Robison has taken the reins of an all-volunteer choir that's received arguably America's highest honor for a choir, Chorus America's Margaret Hillis Award. The group has had only two previous leaders: Founded in 1986 by Larry Fleming, it was helmed by David Cherwien from 2002 until last year.

Most recently a professor at the University of Missouri-Kansas City Conservatory after several years at Luther College in Decorah, Iowa, Robison's journey to becoming a choral conductor started under her mother's piano, when she first heard the Overture to George Frideric Handel's oratorio "Messiah" at age 6.

"That's so beautiful, I have to learn how to do that," she recalls thinking. A concert performance of the oratorio affirmed her enthusiasm — until she fell asleep. But her choral path became clearer in high school.

"In choir, there was something magical, even at that age, that I understood," she said. "You have to bring skills to band or orchestra. But I could walk down the hallway, hear someone speak and say, 'You know what? You should come sing in choir.' And with a reasonable degree of efficiency, you can really teach anybody to do this."

Yet her own professional singing career brought her into contact with groups that changed her perception of the possible. Upon her 1997 graduation from Luther, she led a choir at Eagan High School and successfully auditioned for the Dale Warland Singers, which proved a formative experience.

"I didn't know that musicians like that existed," she recalled. "The sound was fantastic.

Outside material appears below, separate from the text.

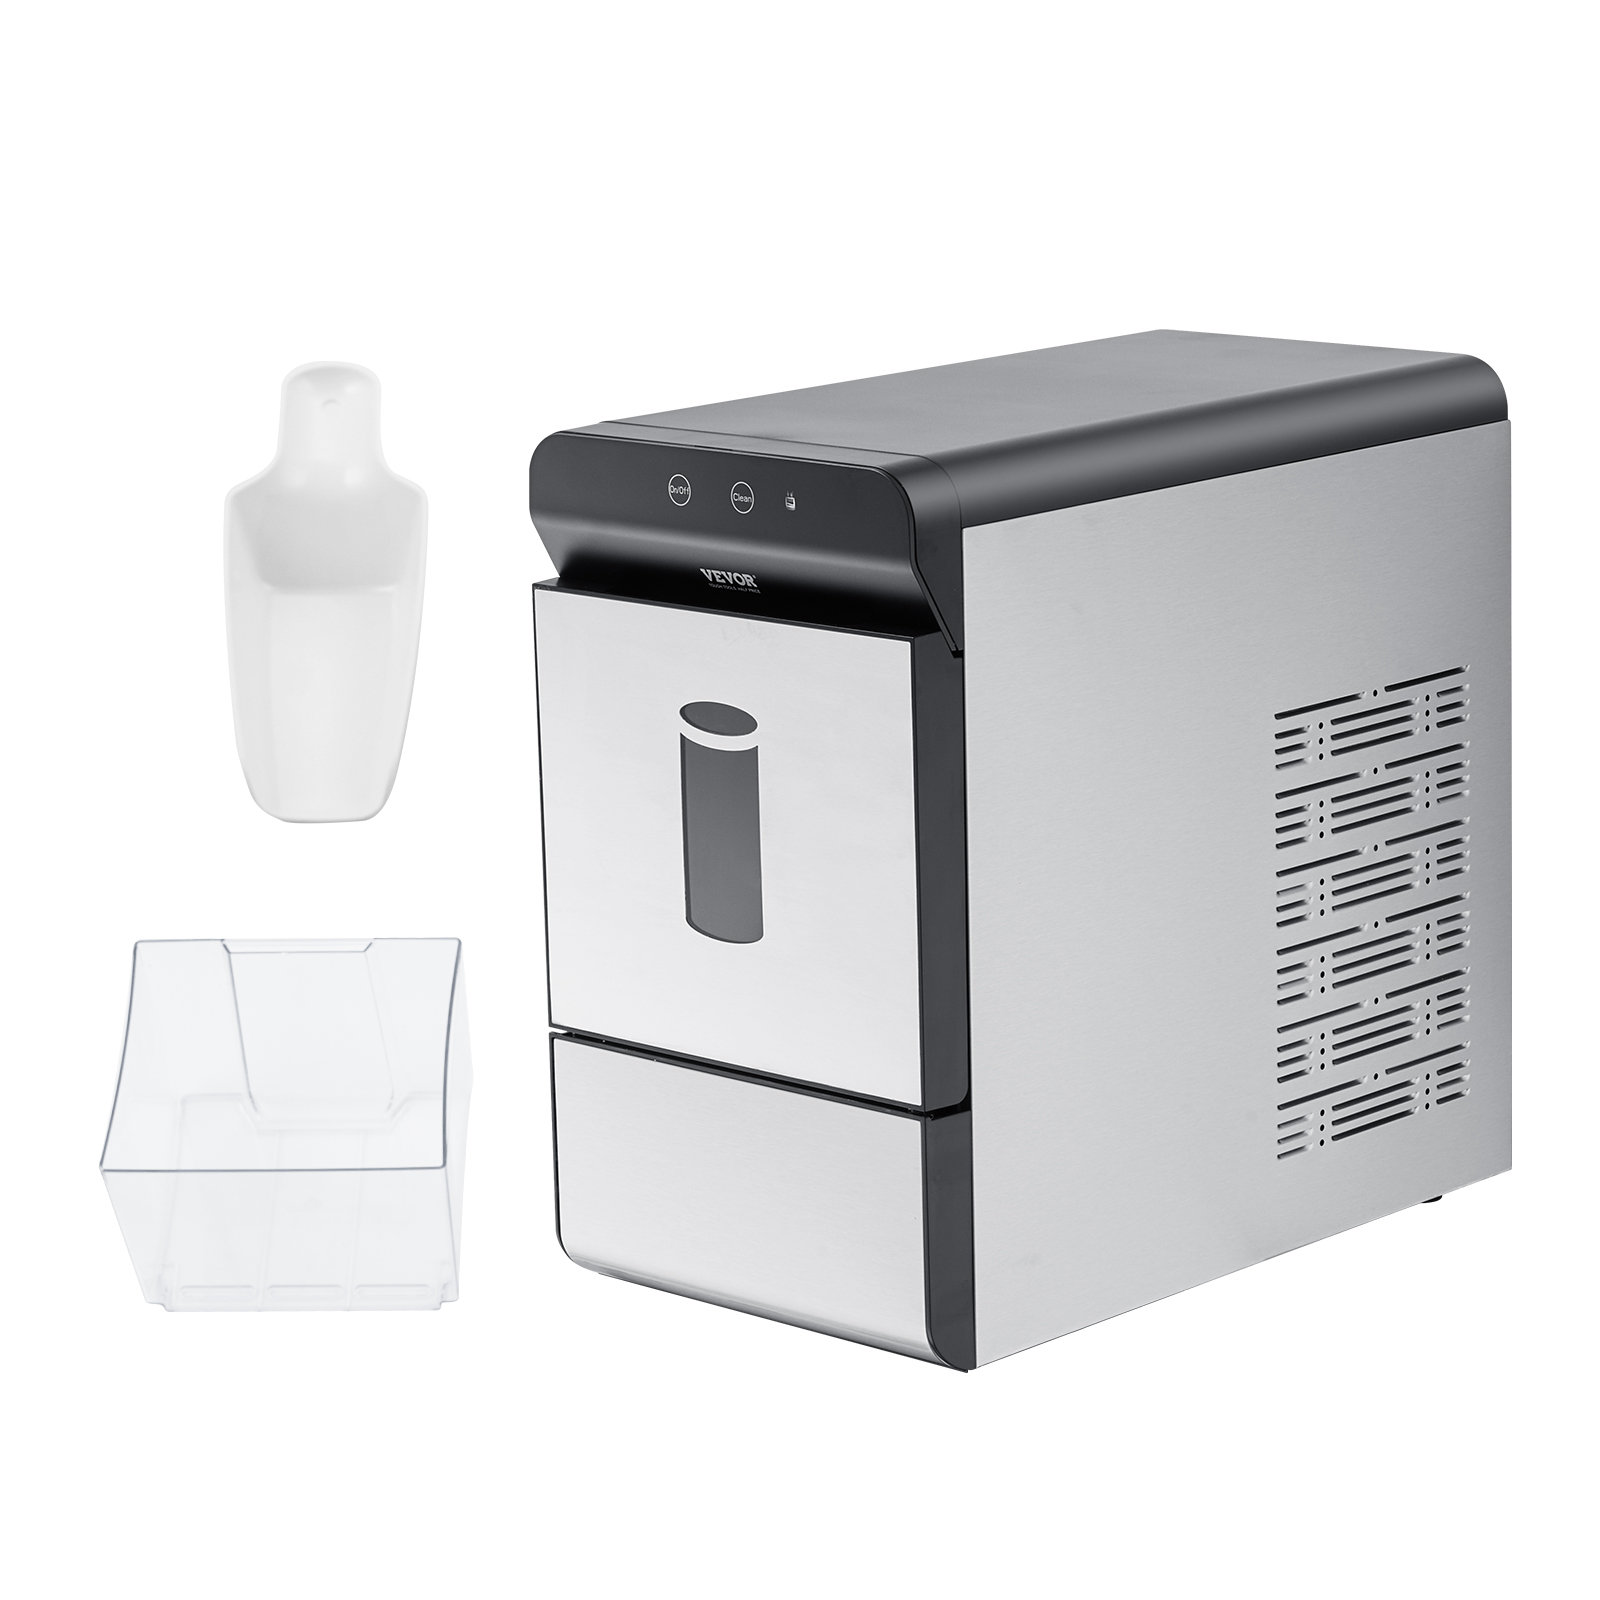 Produce a Basket in 1.5 Hour, Self-Cleaning, One-Click Design, Compact Ice  Maker Nugget with

That really shaped in my head what I want a choir to sound like."

And now her current position has her exploring new avenues of what a choir should sing about.

"She's expanding what 'sacred music' can be," soprano Katherine Castille said. "Why not break down barriers between what people have classified as 'sacred' and 'secular'?"

Tenor Logan Combs agrees, citing the combination at this weekend's concert of Emma Lazarus' poem from the base of the Statue of Liberty ("Give me your tired, your poor, your huddled masses yearning to breathe free") with Melissa Dunphy's "#United We Dream."

"Her programming style challenges the listener to ask themselves, 'What is sacred?,'" Combs said. "While continuing to revere the established Lutheran staples like Heinrich Schütz, she challenges the audience — and the choir — to consider how one's faith is lived out through their actions."

National Lutheran Choir

When: 4 p.m. Sun.

Where: St. Philip the Deacon Lutheran Church, 17205 County Road 6, Plymouth.

Tickets: $35 (under 18 free, students pay as you are able), at nlca.com.